_TASK INSTRUCTIONS:_ Write the listing below out again in full, dropping its pictures.

_PROVIDED MATERIAL:_
************

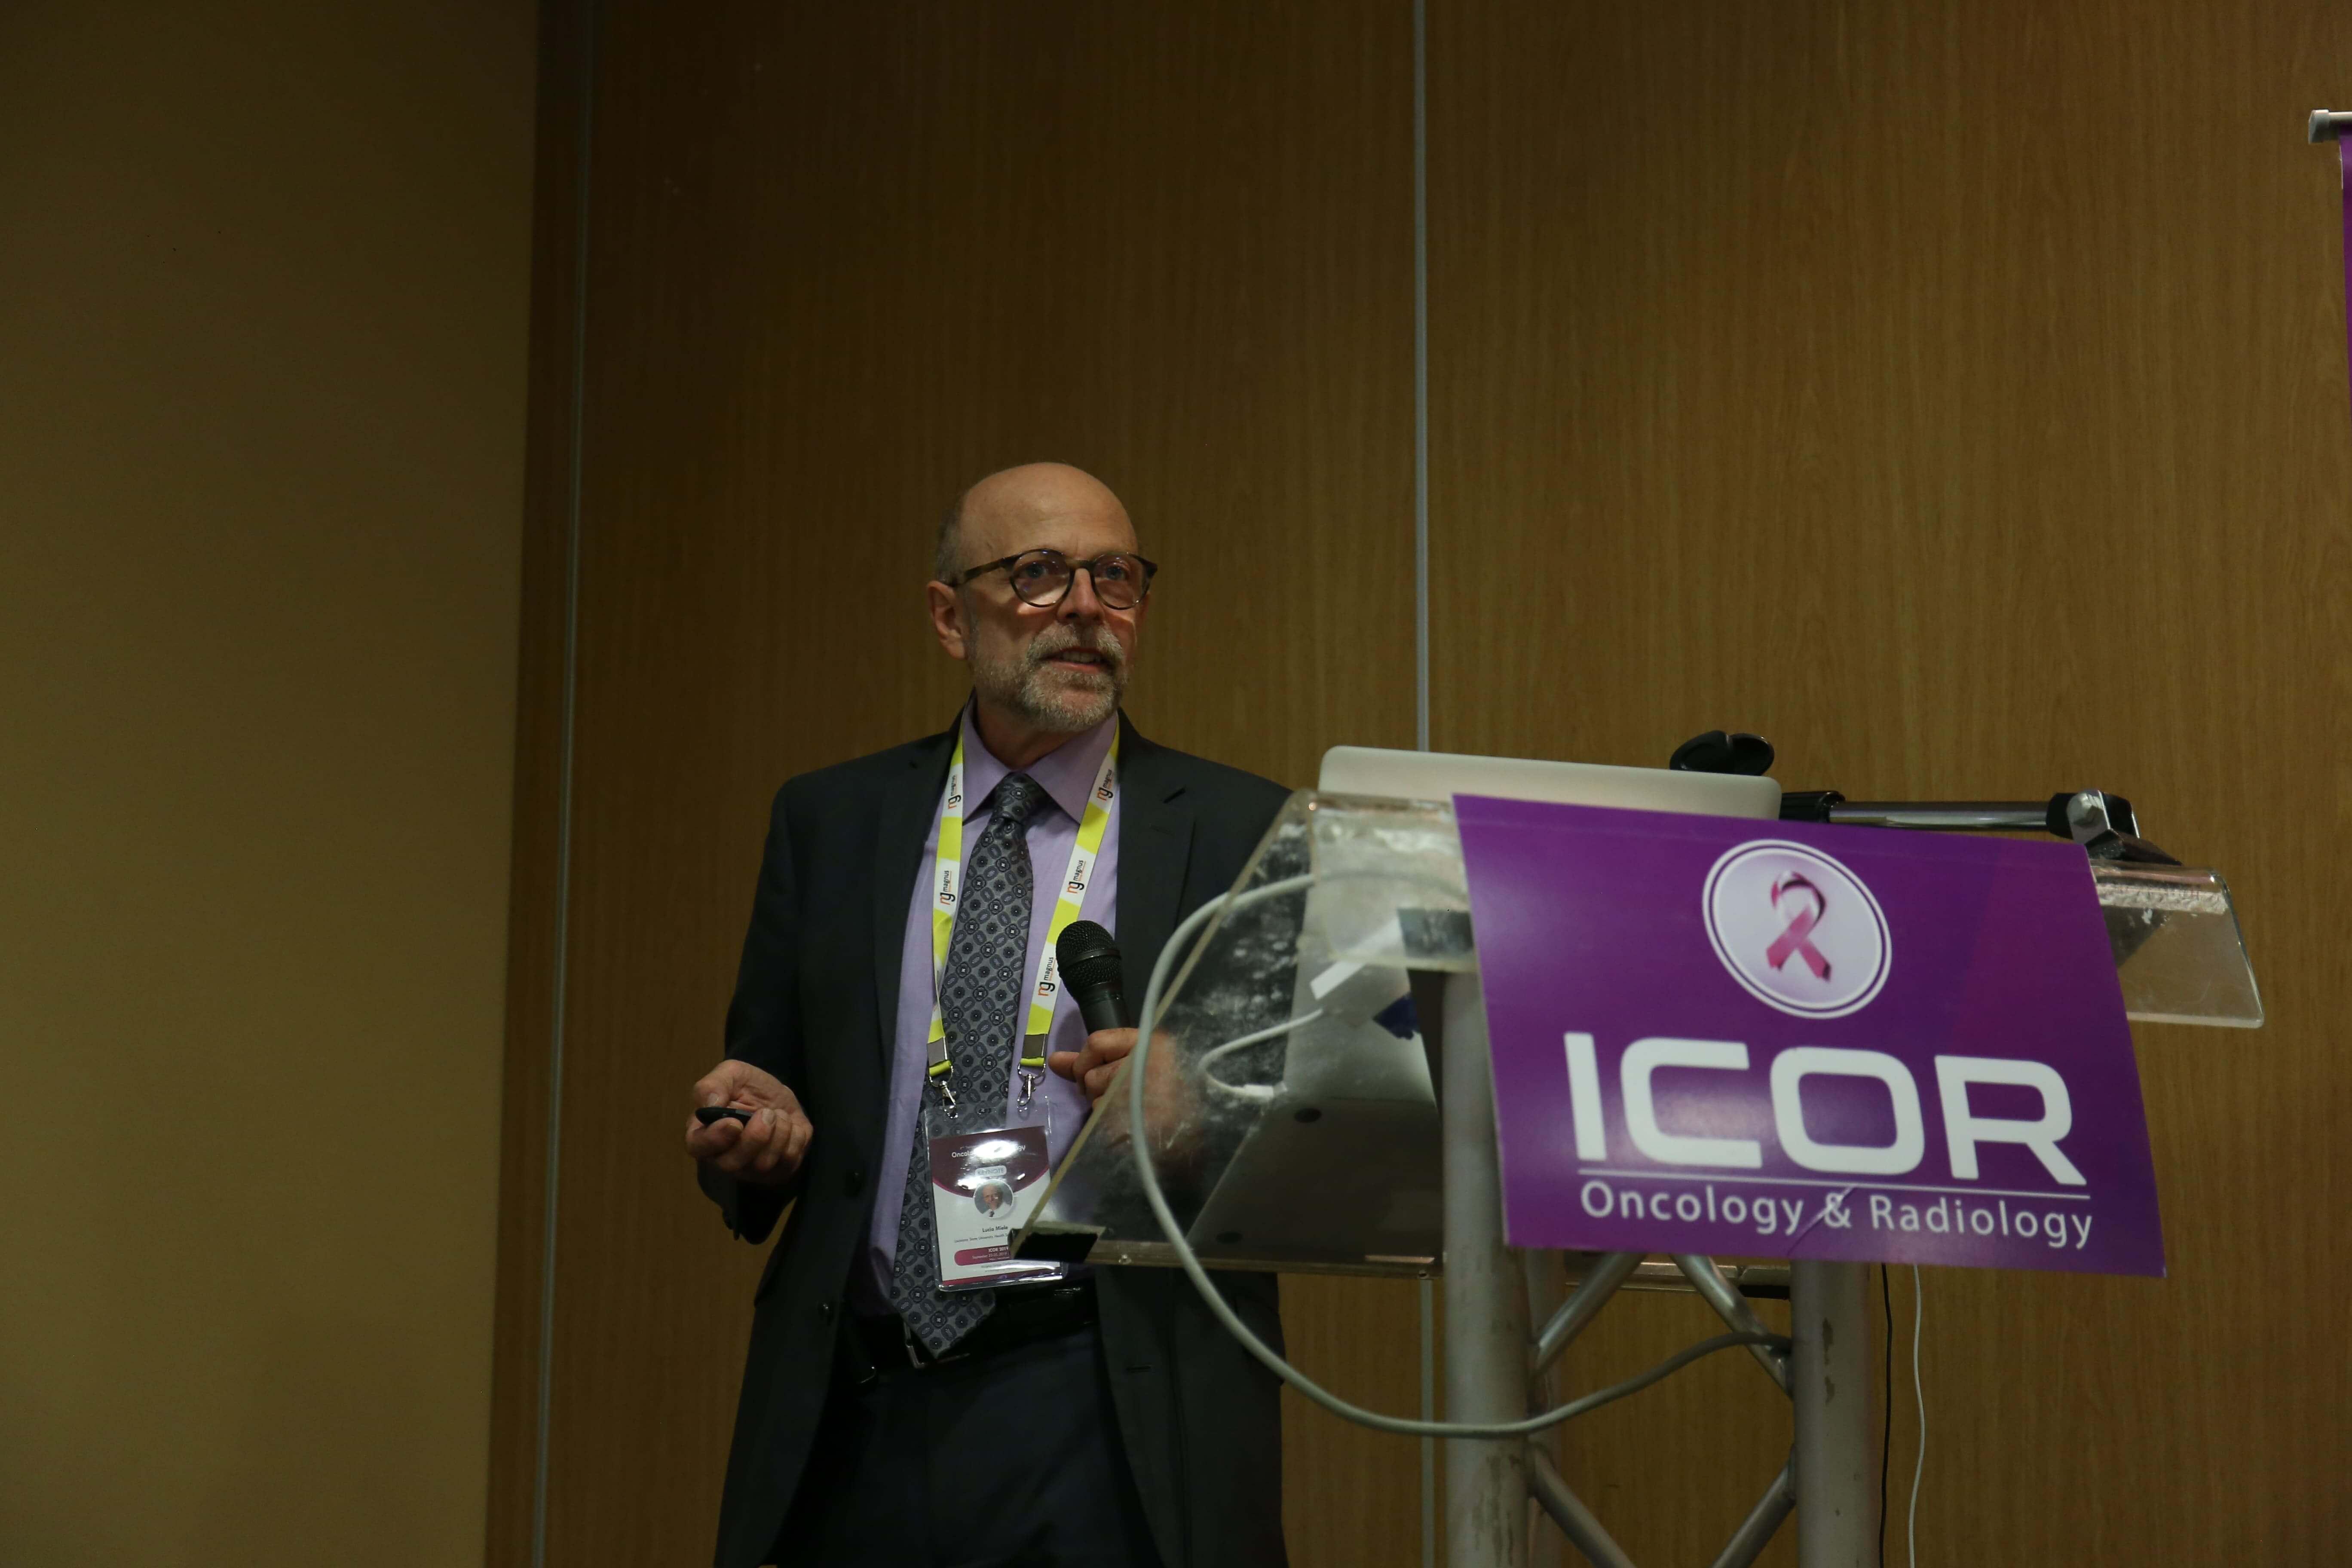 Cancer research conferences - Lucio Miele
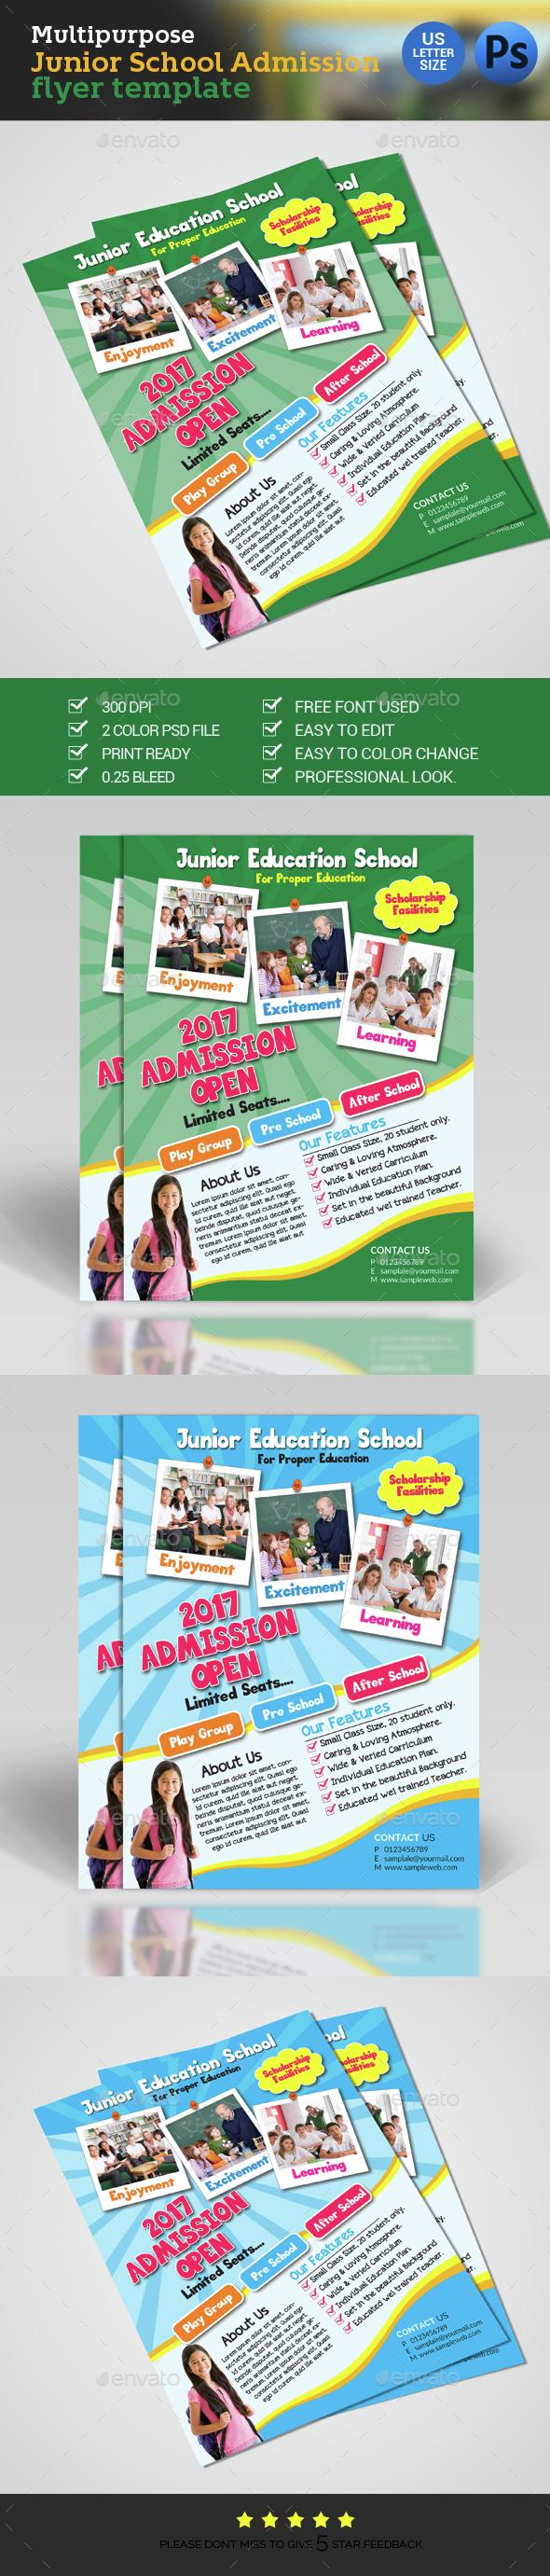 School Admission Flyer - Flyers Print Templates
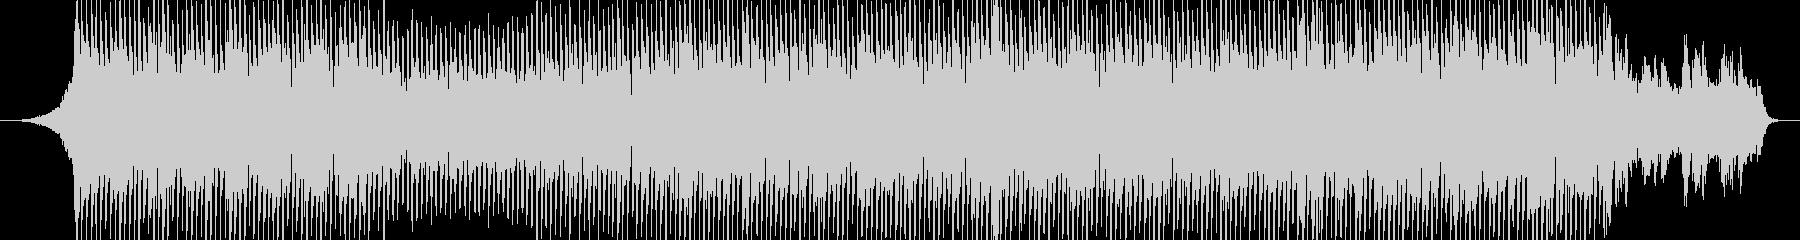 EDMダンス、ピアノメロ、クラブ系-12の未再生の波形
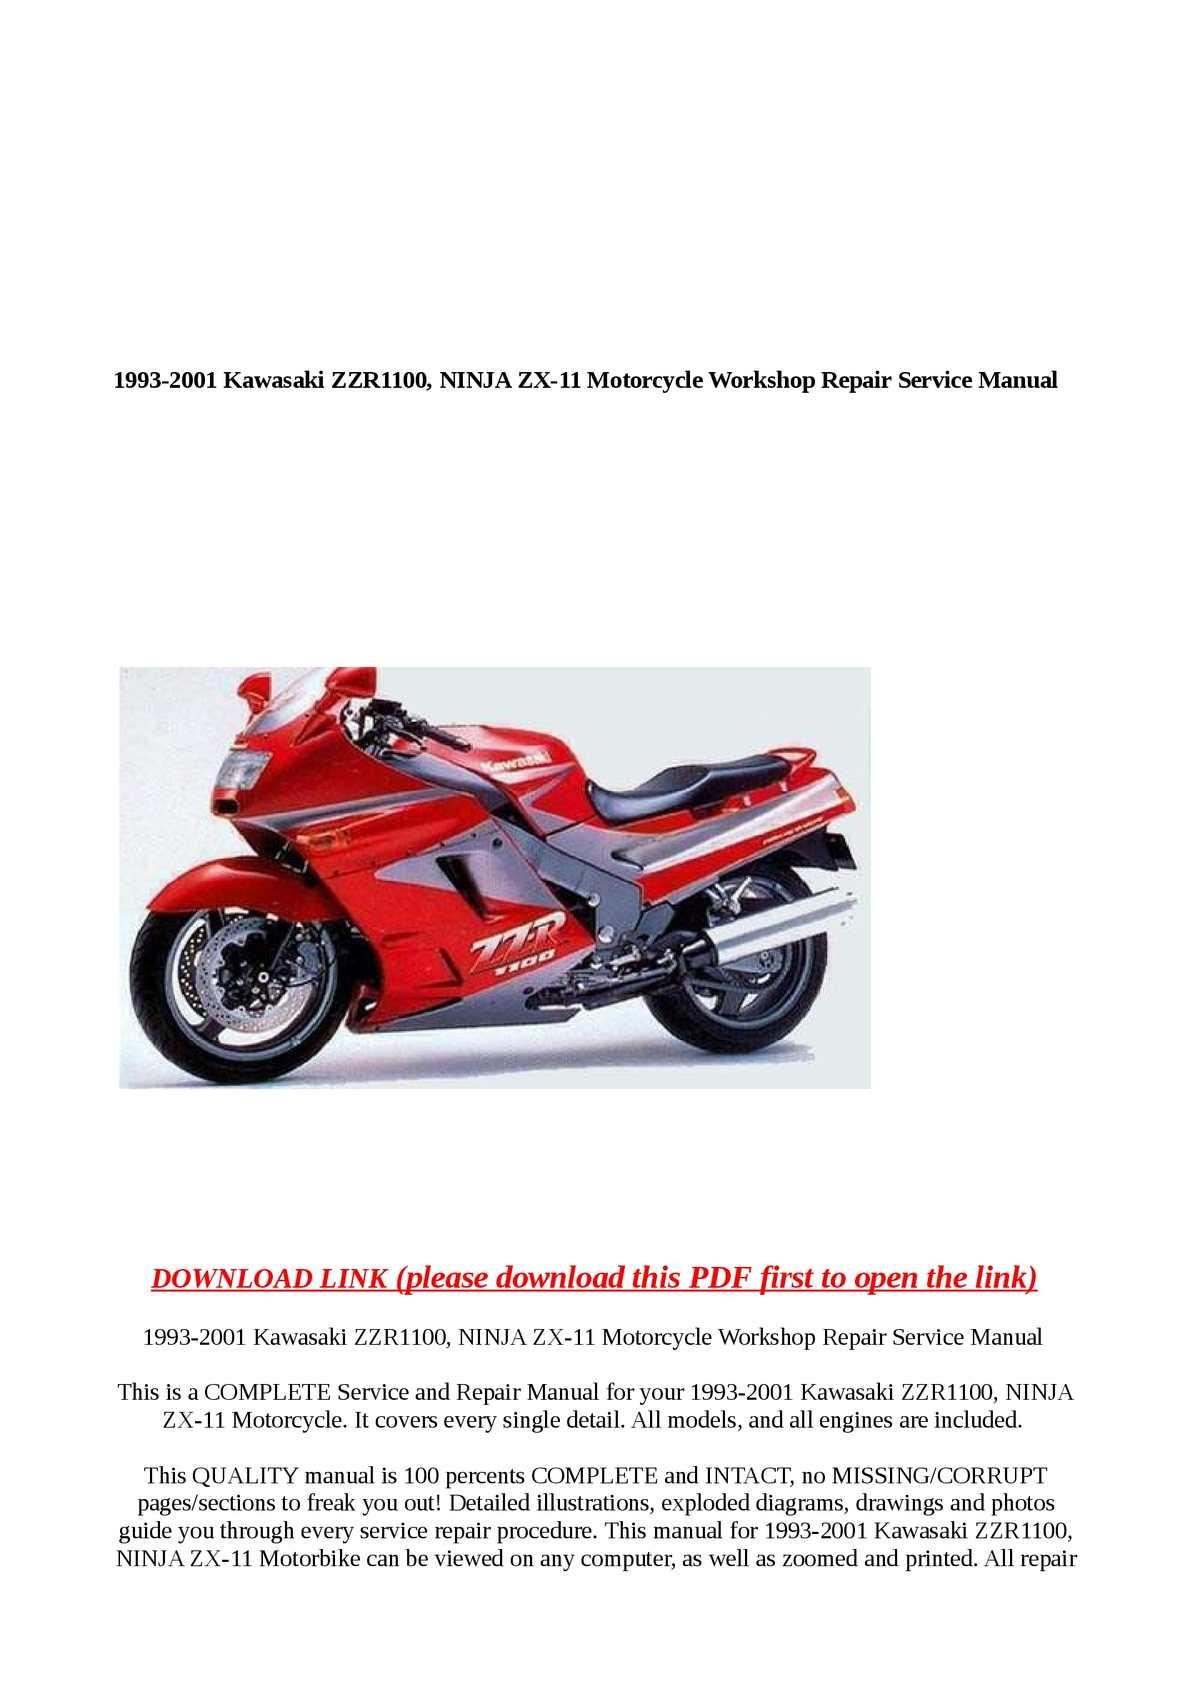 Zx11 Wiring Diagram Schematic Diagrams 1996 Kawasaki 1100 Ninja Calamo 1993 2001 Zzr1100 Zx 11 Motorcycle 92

************

_TASK RESPONSE:_
 Cancer research conferences - Lucio Miele
 School Admission Flyer - Flyers Print Templates
 EDMダンス、ピアノメロ、クラブ系-12の未再生の波形
 Zx11 Wiring Diagram Schematic Diagrams 1996 Kawasaki 1100 Ninja Calamo 1993 2001 Zzr1100 Zx 11 Motorcycle 92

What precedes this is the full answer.